Lately I've developed a case of the summertime blues. I wake up, go to work, come home, go to school, come home, do homework, go to sleep, repeat ad nauseam. I would assume that is the cause of my blueness. But even if I weren't so busy with work and school, I believe I would still feel a certain emptiness throughout my day. There's a constant lack of meaning in my routine. As it stands, there is no apparent remedy to my situation. It will last until August, at which point I will free myself from the monotony of Ritz camera and DCCC and return home to Charleston.

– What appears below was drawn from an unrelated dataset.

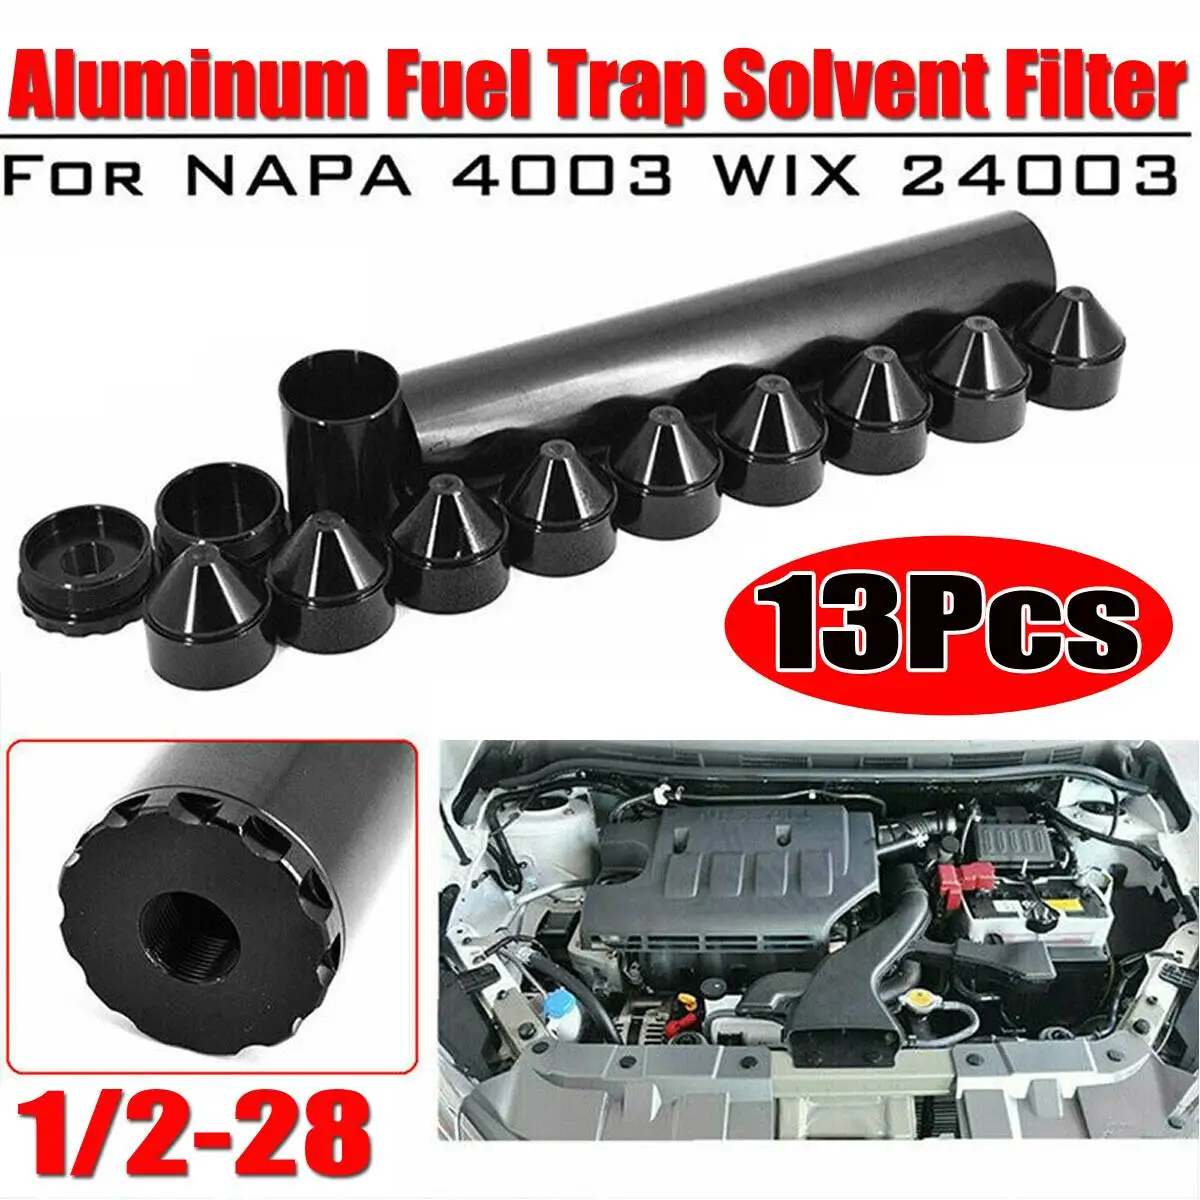 

New 1-3/4x10 For Napa-4003-WIX-24003 Car Fuel Filter For Napa 4003/ WIX 24003 1/2"-28/5/8"-24 Threads Black Aluminum

That is how I have felt since my return to Pennsylvania in January, this is no longer my home. There is nothing for me here, save for my parents and a few friends. My trip to Charleston for the month of april was extremely liberating. I narrowly escaped the possibility of being in Philadelphia for the next two or more years, which probably would have turned out to be ok.

But that's all it would be, ok. Nothing more. I don't want ok. I want more than ok. If I was fine with ok, I never would have transferred from Penn State I would be headed up to the middle of nowhere, Pennsylvania to spend my days with about 50,000 other college students and only college students. That would have been ok.

For now, I will call Charleston home. Only my second home in my active memory. As the saying goes, home is where the heart is. I don't know how long my heart will remain in Charleston but that is where I belong for now.

Monday, June 23, 2008

Thinking thinking thinking...

I feel as though it might be beneficial to my mental health to write down my thoughts on things and happenings in the life of Ryan. Whether or not people will actually read them or not is not up to me. If you do feel like reading, that's grand. I'm all for people reading whatever I write, otherwise I wouldn't use a medium such as a blog.

If you do read this, feel free to comment and/or share your thoughts on my thoughts... or just say, "hey, what's up?"